**EXERCISE GOAL:** In the records that follow, the lines from the one containing "Zero FX/FXS Body Color Kit" to the one containing "14k Yellow Gold", inclusive, are to be given again exactly.

**RECORD EXCERPTS:**
================
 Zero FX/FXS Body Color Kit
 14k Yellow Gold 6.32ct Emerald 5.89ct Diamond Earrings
================
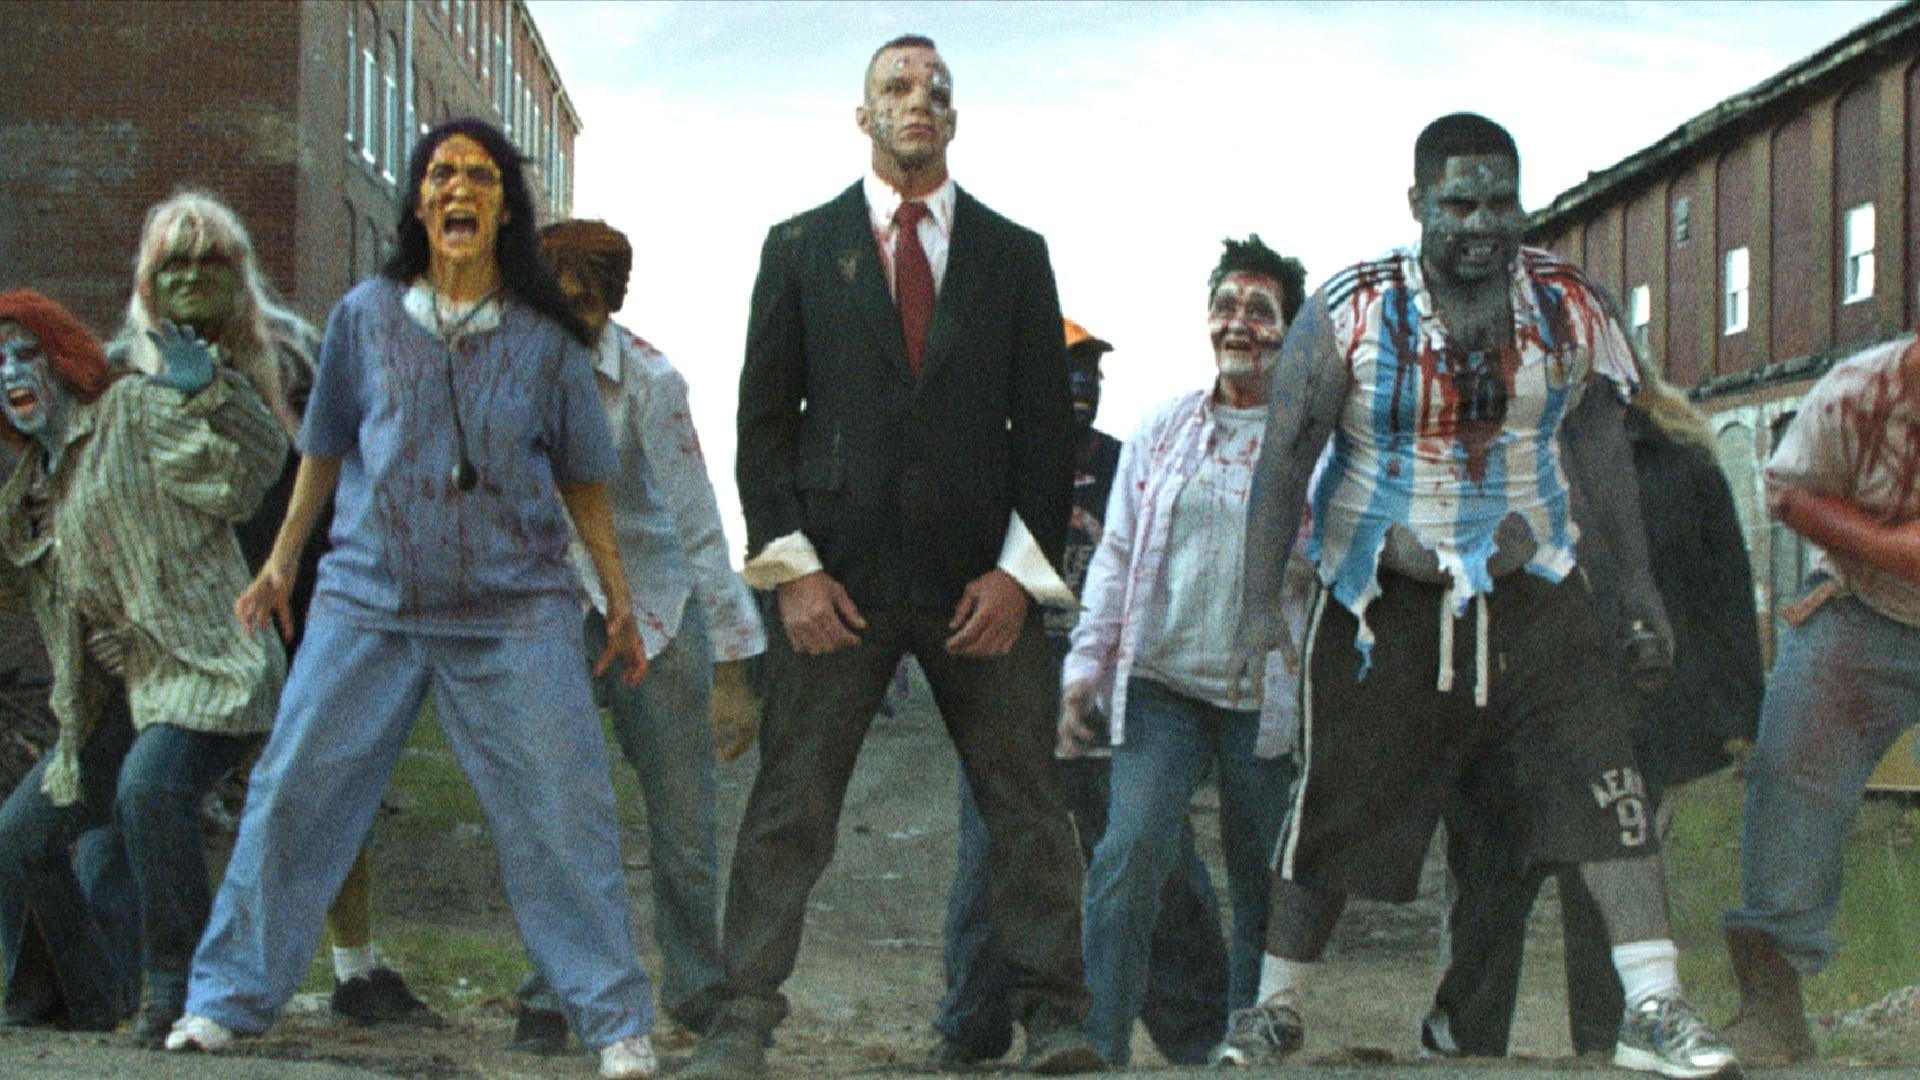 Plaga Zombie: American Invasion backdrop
================
**SOLUTION TO THIS TASK:**
 Zero FX/FXS Body Color Kit
 14k Yellow Gold 6.32ct Emerald 5.89ct Diamond Earrings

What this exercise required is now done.